Records for this exercise =>
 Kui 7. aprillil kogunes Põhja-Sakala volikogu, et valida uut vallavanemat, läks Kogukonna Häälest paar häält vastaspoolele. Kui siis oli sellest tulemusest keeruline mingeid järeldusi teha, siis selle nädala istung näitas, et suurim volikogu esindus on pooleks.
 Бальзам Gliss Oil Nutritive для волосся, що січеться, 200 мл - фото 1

...

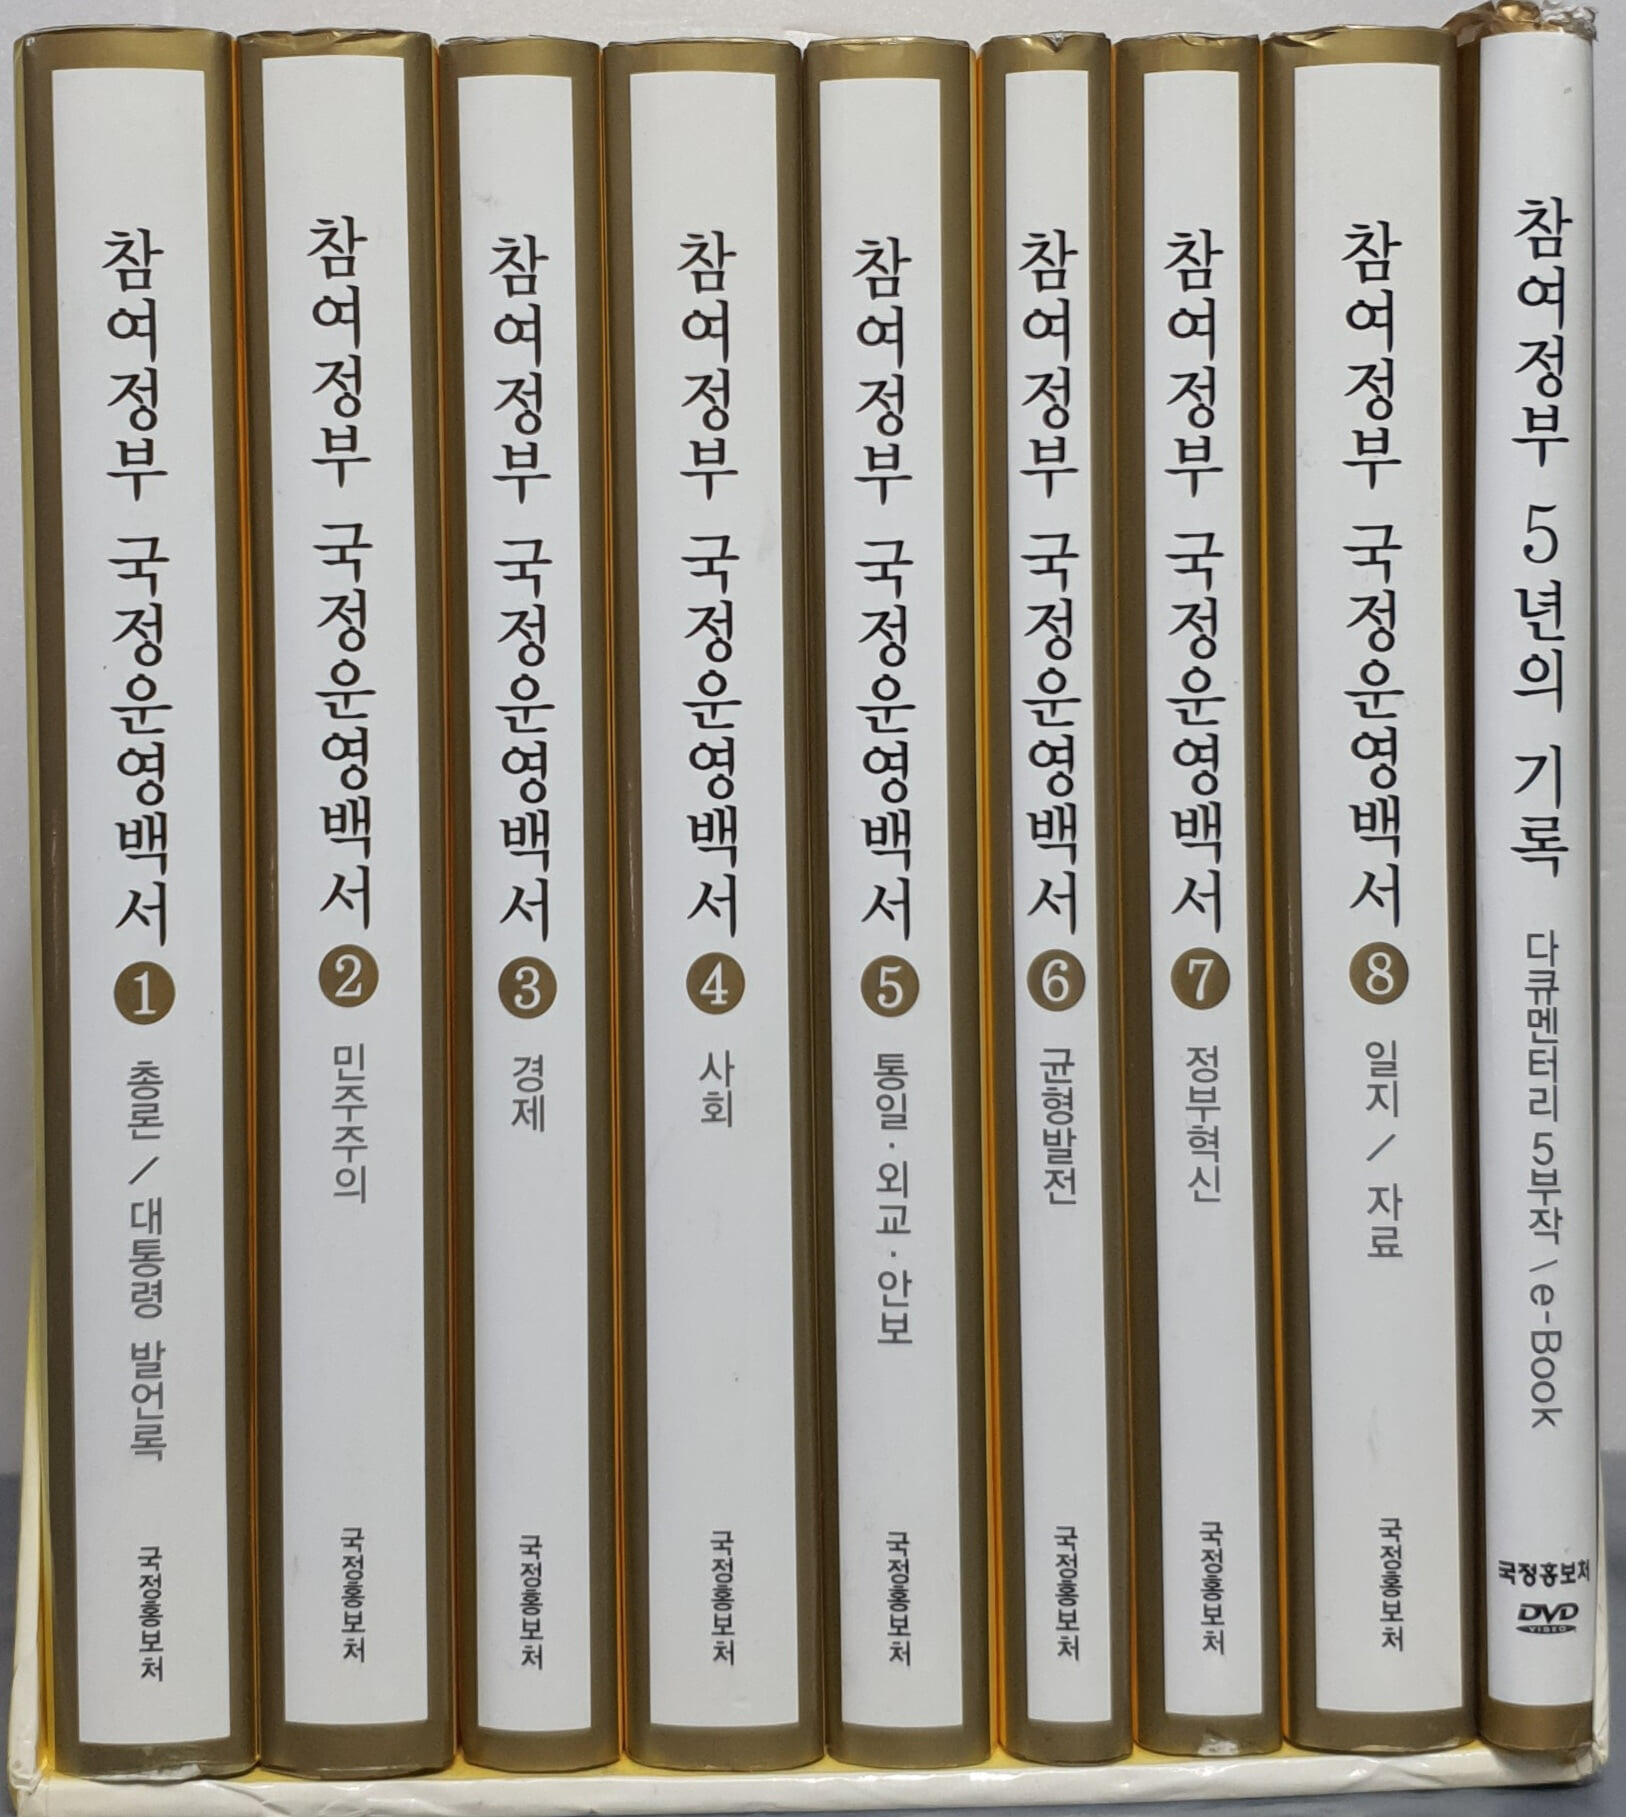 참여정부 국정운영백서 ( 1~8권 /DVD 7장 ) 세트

--

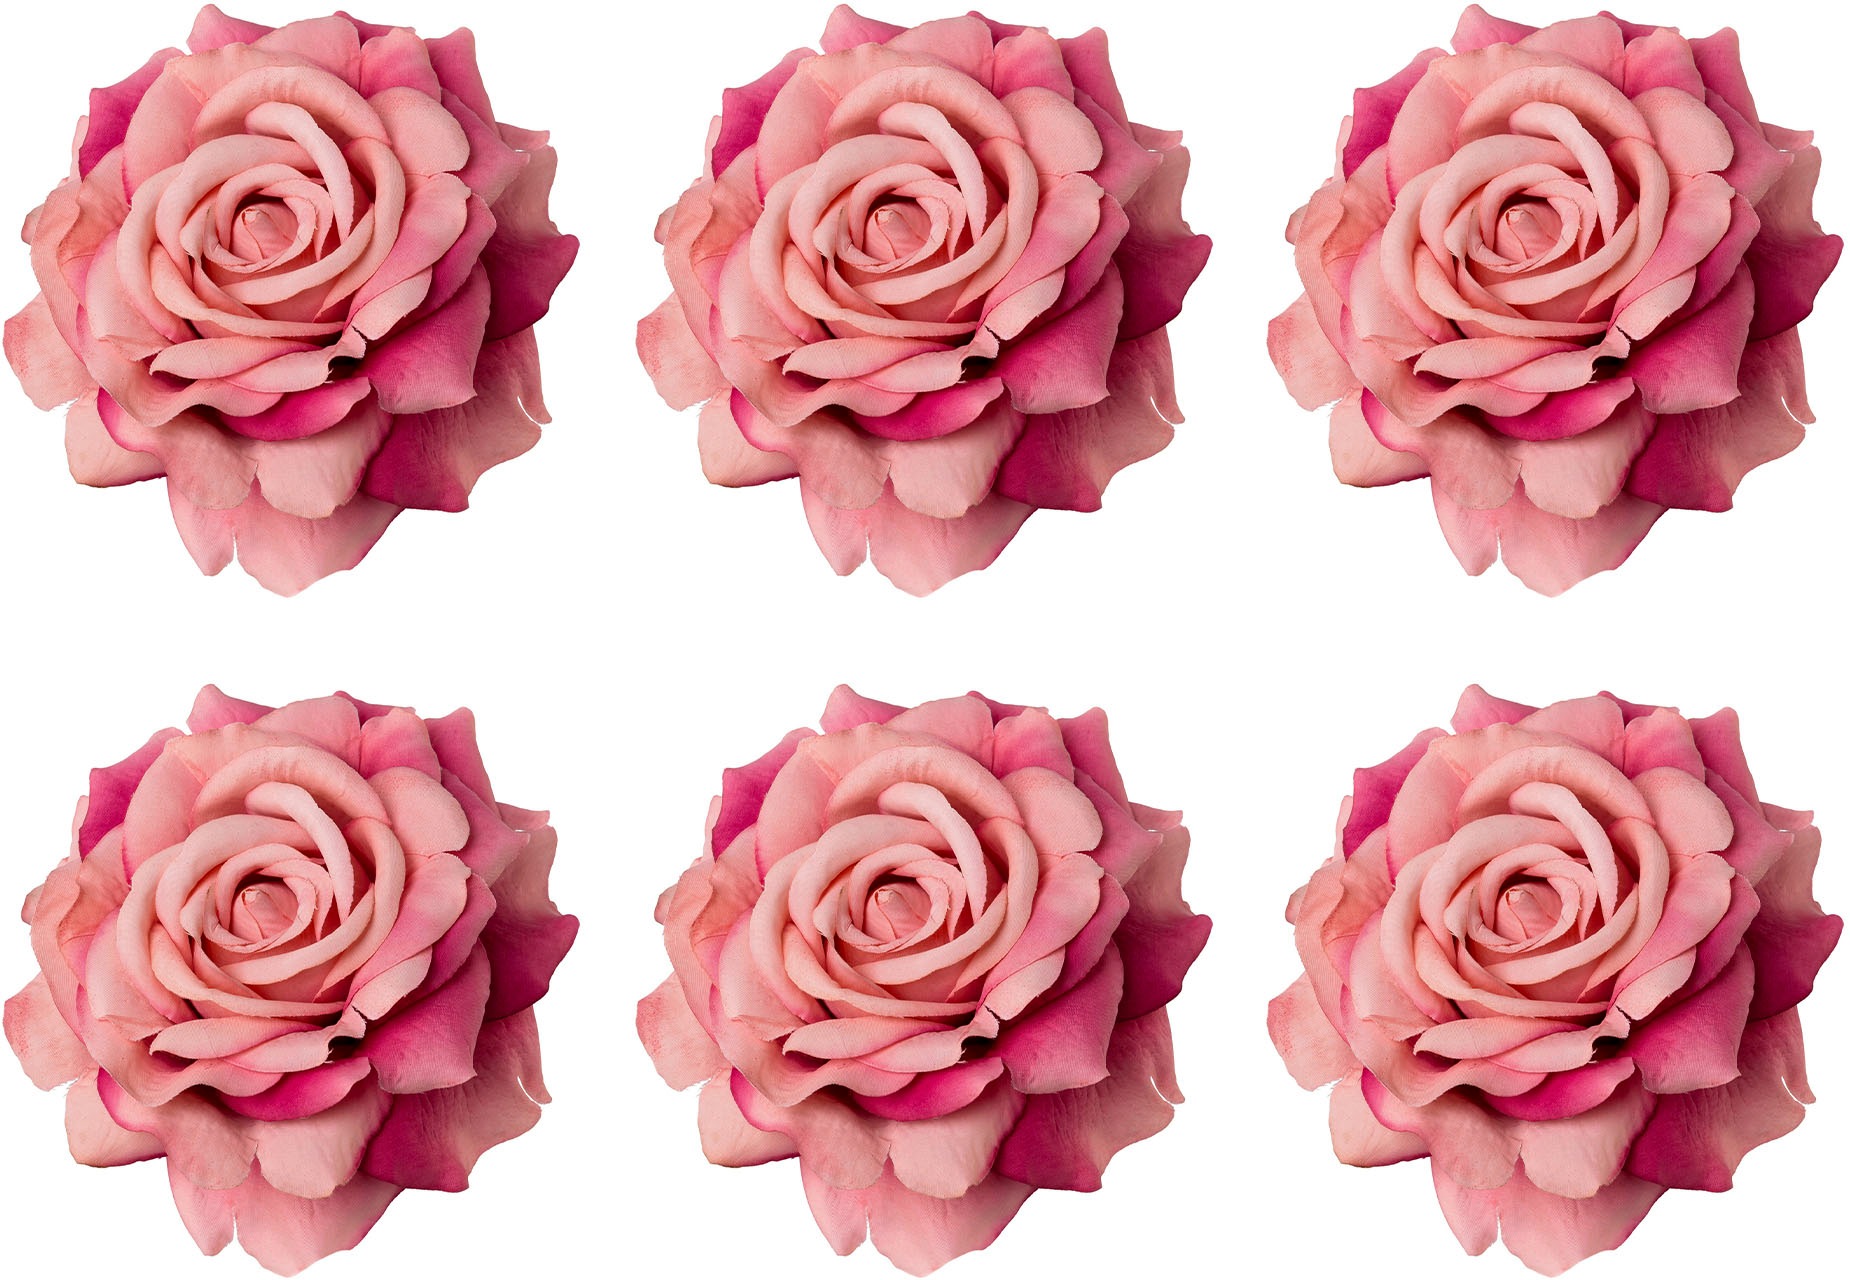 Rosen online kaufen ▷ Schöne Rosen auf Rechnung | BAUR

What is needed => In the listing above, the lines from the one containing "Kui 7. aprillil" through the one containing "Бальзам Gliss Oil" must be set down exactly, with no other lines.

The completed task =>
 Kui 7. aprillil kogunes Põhja-Sakala volikogu, et valida uut vallavanemat, läks Kogukonna Häälest paar häält vastaspoolele. Kui siis oli sellest tulemusest keeruline mingeid järeldusi teha, siis selle nädala istung näitas, et suurim volikogu esindus on pooleks.
 Бальзам Gliss Oil Nutritive для волосся, що січеться, 200 мл - фото 1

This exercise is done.